Thursday, March 12, 2009

Australia's Coking Coal Prices To Be Settled Within Weeks

Prices for coking coal - Australia's biggest export - are expected to be settled within weeks, following reports the nation's big miners sealed thermal coal agreements with Japanese customers this week.

But analysts warn coking coal producers are still likely to wear a massive 60 per cent price drop this year, despite a better-than-expected result in the thermal coal talks.

The outcome of the negotiations is vital for the Australian economy, with an estimated $50 billion worth of coking coal shipped in the 12 months to April.

According to Japanese reports, Australia's two largest thermal coal producers - Rio Tinto and Swiss-based Xstrata - have agreed to prices of $US70 to $US72 ($A109 to $A112) per tonne with Nagoya-based Chubu Electric Power.

The new price, which takes effect on April 1, is significantly lower than last year's rate of $US125 per tonne due to plunging energy demand caused by the global financial crisis.

GoldmanSachs JBWere commodities analyst Malcolm Southwood said the result was in line with forecasts. "A benchmark price of $US70 per tonne, if confirmed, would be at least $US10 a tonne below the sellers' initial objective and approximately 44 per cent below the prevailing Australia-Japan contract price," he wrote in a note to clients.

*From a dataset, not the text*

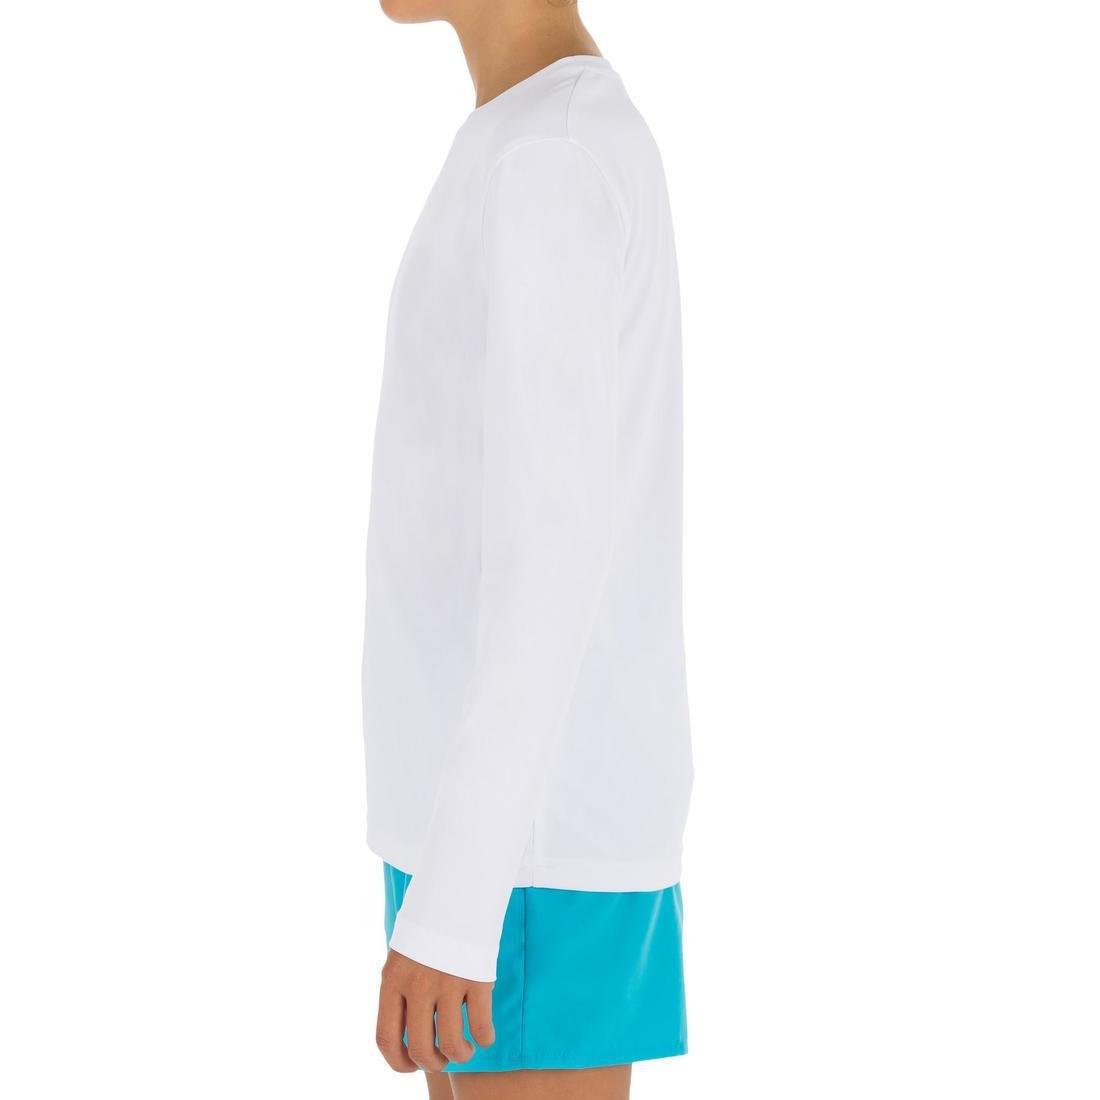 TRIBORD - Kids Long Sleeve Uv Protection Surfing Water T-Shirt, Snow White

"But we would still regard it as a good outcome for the miners in the current market environment: Spot prices have fallen by $US25 a tonne since negotiations commenced, the demand outlook has deteriorated and the Australian dollar versus the US dollar has weakened by 30 per cent since this time last year."

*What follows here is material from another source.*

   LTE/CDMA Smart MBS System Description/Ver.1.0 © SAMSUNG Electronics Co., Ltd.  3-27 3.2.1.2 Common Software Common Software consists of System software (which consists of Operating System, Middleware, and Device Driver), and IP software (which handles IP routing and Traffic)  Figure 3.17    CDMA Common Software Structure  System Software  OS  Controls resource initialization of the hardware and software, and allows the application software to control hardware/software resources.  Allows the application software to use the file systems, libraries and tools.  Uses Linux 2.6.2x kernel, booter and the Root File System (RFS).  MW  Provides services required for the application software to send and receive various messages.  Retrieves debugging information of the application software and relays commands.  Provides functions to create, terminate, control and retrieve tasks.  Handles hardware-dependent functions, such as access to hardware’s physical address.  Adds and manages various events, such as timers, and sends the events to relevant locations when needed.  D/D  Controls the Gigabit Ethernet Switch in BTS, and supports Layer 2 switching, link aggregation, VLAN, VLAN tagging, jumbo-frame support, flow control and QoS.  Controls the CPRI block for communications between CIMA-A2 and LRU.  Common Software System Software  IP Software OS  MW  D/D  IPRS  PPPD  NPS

Power plants use thermal coal to produce electricity, while steel mills need coking coal to make the metal.

Prices for powdered coal for pulverised coal injection - a low grade form of coking coal - have also reportedly been settled.

According to an article in industry journal Steel Business Briefing, Queensland's Macarthur Coal has signed an agreement with Korean steel giant POSCO that prices its PCI coal at $US90 a tonne -- down from the current $US240 a tonne.

ANZ head of commodities research Mark Pervan said coking coal negotiations would be heavily affected by slowing steel output.